# なのだ



## Seikun

Hi.
I need everybody's help with this. About six years ago I learnt the use of のだ. The lesson said it means something like "the thing is that.../it is that...". 

お母さんは私にえんぴつを買ったのだ。= (It is that) my mother bought a pencil for me. (right?)

Now the thing is that (^^) I don't understand why な takes place in this expression, what its meaning is and so on. I have also read that this form sounds kind of nice/cute. 

I have not practised this (な)のだ thing for years and most likely I have forgotten a lot. Please, help me. Don't worry about being to long in your explanation, the more the better. Consider it a new lesson I must learn.

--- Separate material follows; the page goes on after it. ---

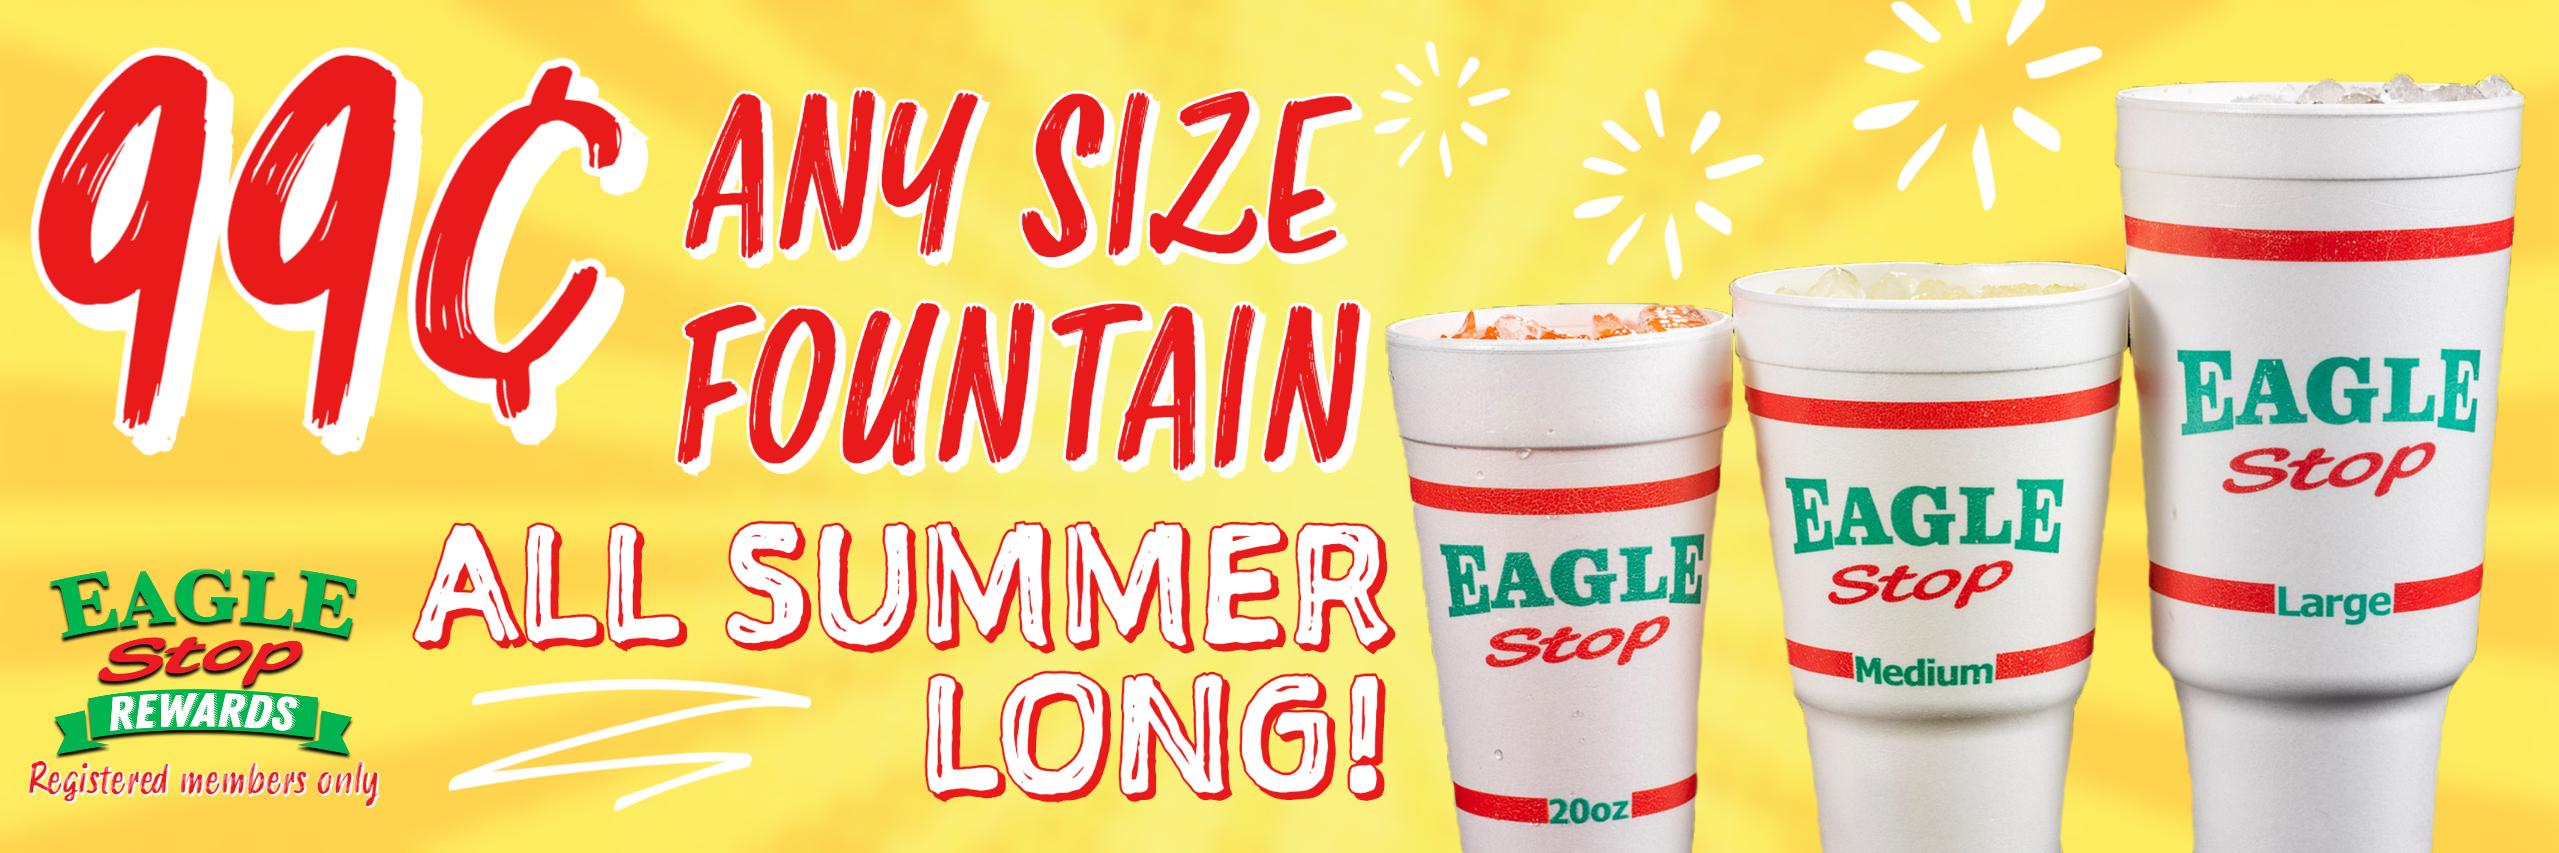 Eagle Stop Summer Specials Facebook Copy
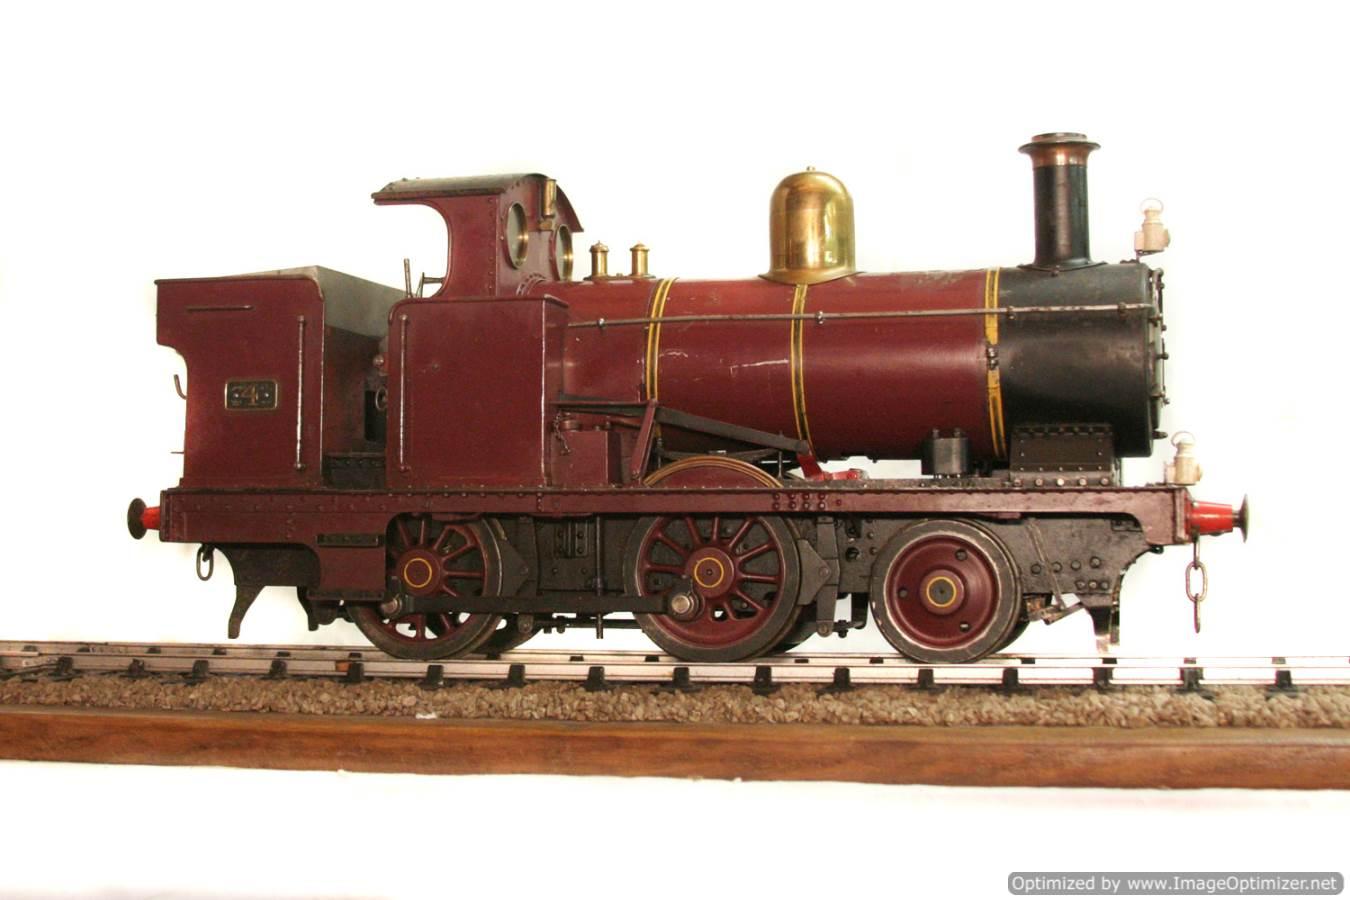 test Gem locomotive for sale 06 Optimized

It has been really hard to find any lessons on this so your help is appreciated.

Thanks in advance.


----------



## almostfreebird

I think "なのだ"expression was made popular by Fujio Akatsuka.

_Tensai Bakabon_ was using that.


----------



## akimura

I'm afraid I don't quite understand your question exactly, Seikun, but if you are wondering about when you should use なのだ and when you should use のだ without　な, here is a guide:noun+なのだ: 彼女は天才なのだ。
verb+のだ: 君は走るのだ。
i-adjective+のだ: 私は貧しいのだ。
na-adjective(root)+なのだ: 彼の家は豊かなのだ。​


----------



## Seikun

akimura said:


> I'm afraid I don't quite understand your question exactly, Seikun, but if you are wondering about when you should use なのだ and when you should use のだ without　な, here is a guide:noun+なのだ: 彼女は天才なのだ。
> verb+のだ: 君は走るのだ。
> i-adjective+のだ: 私は貧しいのだ。
> na-adjective(root)+なのだ: 彼の家は豊かなのだ。​


It is about two thing. First, confirm that the  _form no desu/da_ has an explanatory function. As I wrote in the post that opens this thread this form のだ could be interpreted as "the thing is that....". Is this correct?

As for な I would like to know its function in this form, what it means, etc.

Thanks for your examples^^


----------



## q_006

Seikun said:


> Hi.
> I need everybody's help with this. About six years ago I learnt the use of のだ. The lesson said it means something like "the thing is that.../it is that...".
> 
> お母さんは私にえんぴつを買ったのだ。= (It is that) my mother bought a pencil for me. (right?)
> 
> Now the thing is that (^^) I don't understand why な takes place in this expression, what its meaning is and so on. I have also read that this form sounds kind of nice/cute.
> 
> I have not practised this (な)のだ thing for years and most likely I have forgotten a lot. Please, help me. Don't worry about being to long in your explanation, the more the better. Consider it a new lesson I must learn.
> 
> It has been really hard to find any lessons on this so your help is appreciated.
> 
> Thanks in advance.


My understanding was that のだ and by extension んだ implied that 


the sentence is a response or explanation to a question
the sentence is a question that needs a response or explanation
used as a sentence "softener" like が or　けど
has no meaning at all and is just used colloquially (ie. normal, casual everyday talk; I could be completely wrong with this one)


----------



## Seikun

q_006 said:


> My understanding was that のだ and by extension んだ implied that
> 
> 
> the sentence is a response or explanation to a question
> the sentence is a question that needs a response or explanation
> used as a sentence "softener" like が or　けど
> has no meaning at all and is just used colloquially (ie. normal, casual everyday talk; I could be completely wrong with this one)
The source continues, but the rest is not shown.